ICEYE raises EUR 450 million in General Atlantic-led round
Wed, 17th Jun 2026 (Today)
ICEYE has raised EUR 450 million in a Series F funding round led by General Atlantic, valuing the satellite intelligence company at more than EUR 10 billion.
Including a secondary placement, total fundraising exceeded EUR 1 billion. New and existing investors included Solidium, Tesi, Varma, Ilmarinen, Lifeline Ventures, Nokia, Qatar Investment Authority and TCV.
The financing comes as ICEYE looks to strengthen its position in sovereign satellite systems for governments and other users of Earth observation data. The Helsinki-based group says seven European governments have bought its sovereign satellite systems so far.
ICEYE focuses on synthetic aperture radar, or SAR, satellites, which can monitor the Earth in all weather conditions and at night. It says it operates the world's largest SAR satellite constellation and employs more than 1,000 people globally.
The latest round brings in Nokia as a strategic industrial investor alongside financial backers from Europe, the Gulf and the US. The breadth of the investor list highlights growing interest in satellite-based intelligence as governments place greater emphasis on defence, resilience and domestic control over critical technologies.
That demand has supported a period of rapid growth. ICEYE says it exceeded EUR 250 million in revenue and EUR 100 million in EBITDA in 2025, while building a contracted backlog of more than EUR 1.5 billion, based on unaudited figures.
It is also increasing production, doubling output from 50 satellites a year to a target of 100 by 2028 and beyond, with launch rates rising in parallel.
The company has recently highlighted faster deployment of national systems as a key part of its offer to governments. It says it delivered a fully operational sovereign space system to the Polish Armed Forces within 12 months of contract signing and is now following the same model in Europe, the Middle East and Asia.
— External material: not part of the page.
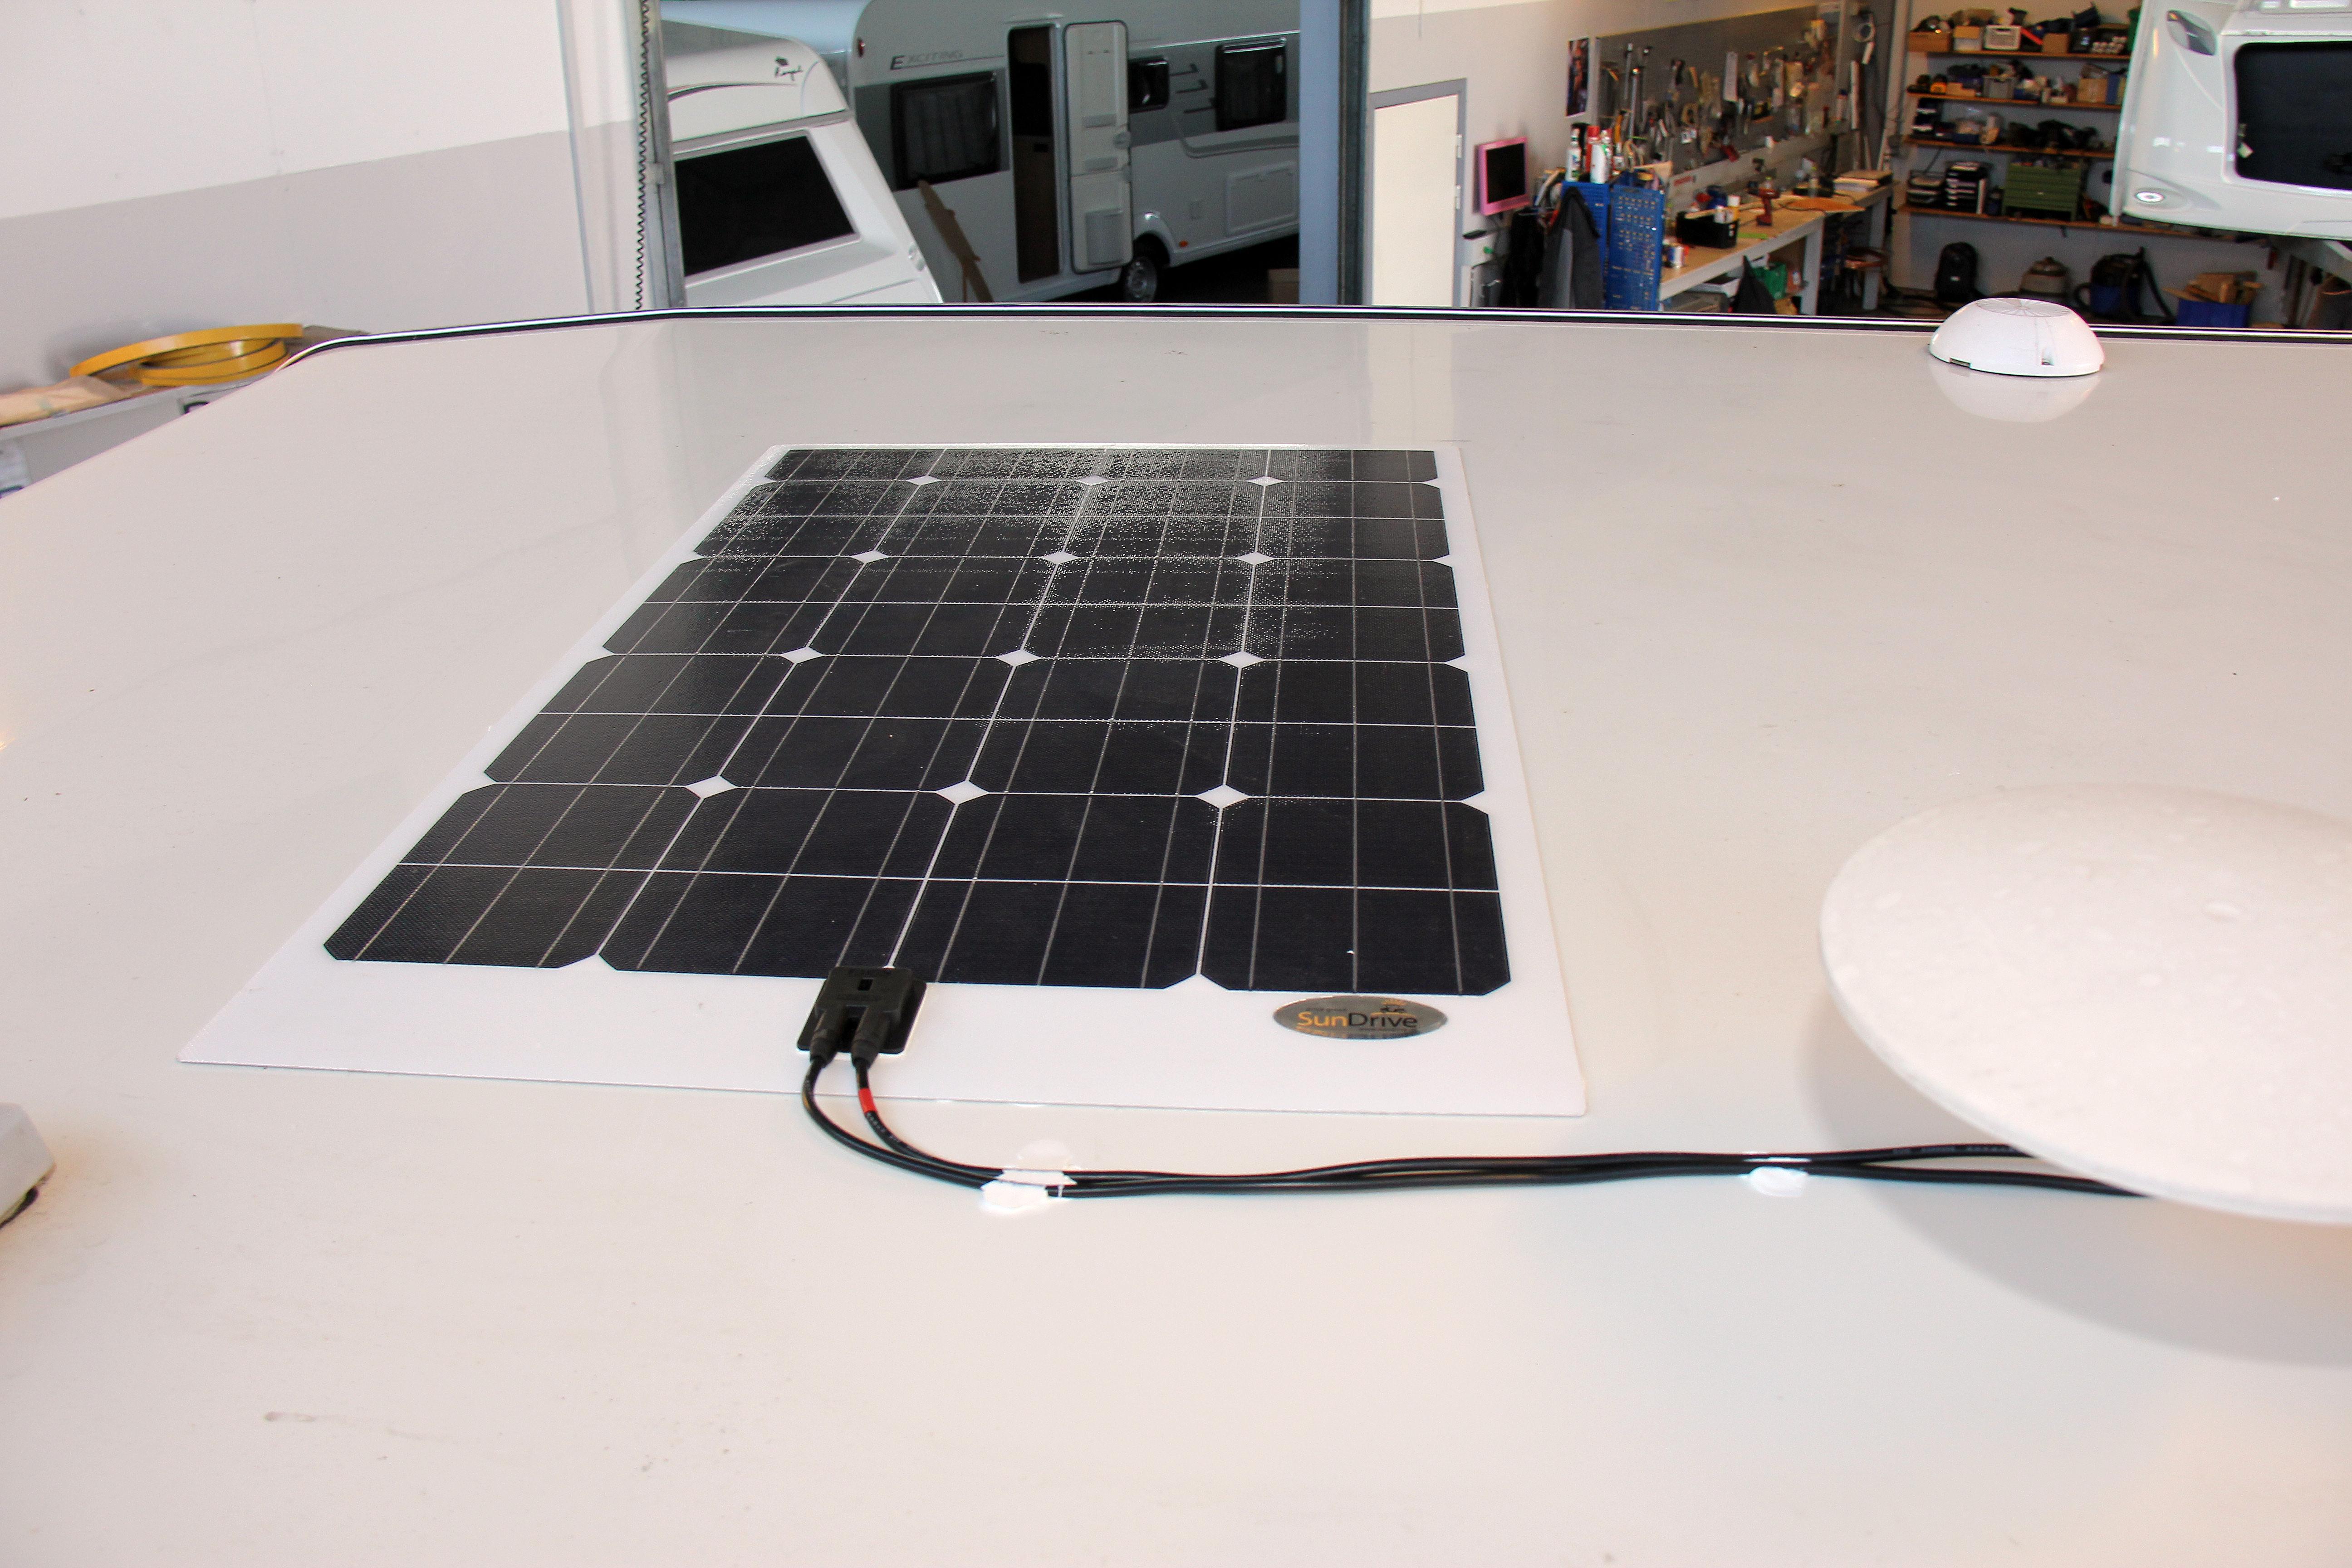 SUN 110tf fra Sundrive.dk har en effekt på 110 watt og en vægt på 4,5 kg. I pakken følger kontroller, taggennemføring, kabler, stik, monteringslim og vejledning med. Kan fås som kampagnepris til kr. 5.495.

Co-Founder and CEO Rafal Modrzewski described the financing as support for ICEYE's strategy in a market shaped by security concerns and demand for national control over intelligence assets.
"The quality of investors who have chosen to back us at this scale reflects a shared belief. Sovereign intelligence from space is entering a new era, and the window to build it is now. ICEYE has built the world's most advanced, proven capability to meet that demand. This funding enables us to accelerate the delivery of new capabilities to governments and customers faster than ever before," Modrzewski said.
General Atlantic, which led the primary round, said the investment reflects long-term structural demand for Earth observation and intelligence services. The firm manages about USD 126 billion in assets under management across its strategies.
"ICEYE has fundamentally redefined Earth observation. The company pioneered the shift to next-generation, agile satellite fleets that deliver greater strategic capability with far greater cost efficiency and today operates the world's largest and most advanced SAR constellation on a vertically integrated platform. Rafal and the team are taking breakthrough technology from innovation to commercial and operational success at scale, and we believe global structural demand for ICEYE's intelligence will continue to accelerate. We are proud to back remarkable builders like ICEYE as they push the boundaries of what's possible," Günther said.
Nokia's participation points to a closer link between space-based observation and communications infrastructure in defence and other critical systems. The Finnish telecoms company joined the round as a new strategic investor.
"Modern defence increasingly depends on combining trusted connectivity with real-time visibility. Nokia and ICEYE bring complementary strengths that can help advance Europe's defence, resilience and technological sovereignty. This combination will become increasingly important as governments and industries look to build more secure, aware and adaptable critical systems," Hotard said.
The transaction remains subject to customary closing conditions and regulatory approvals.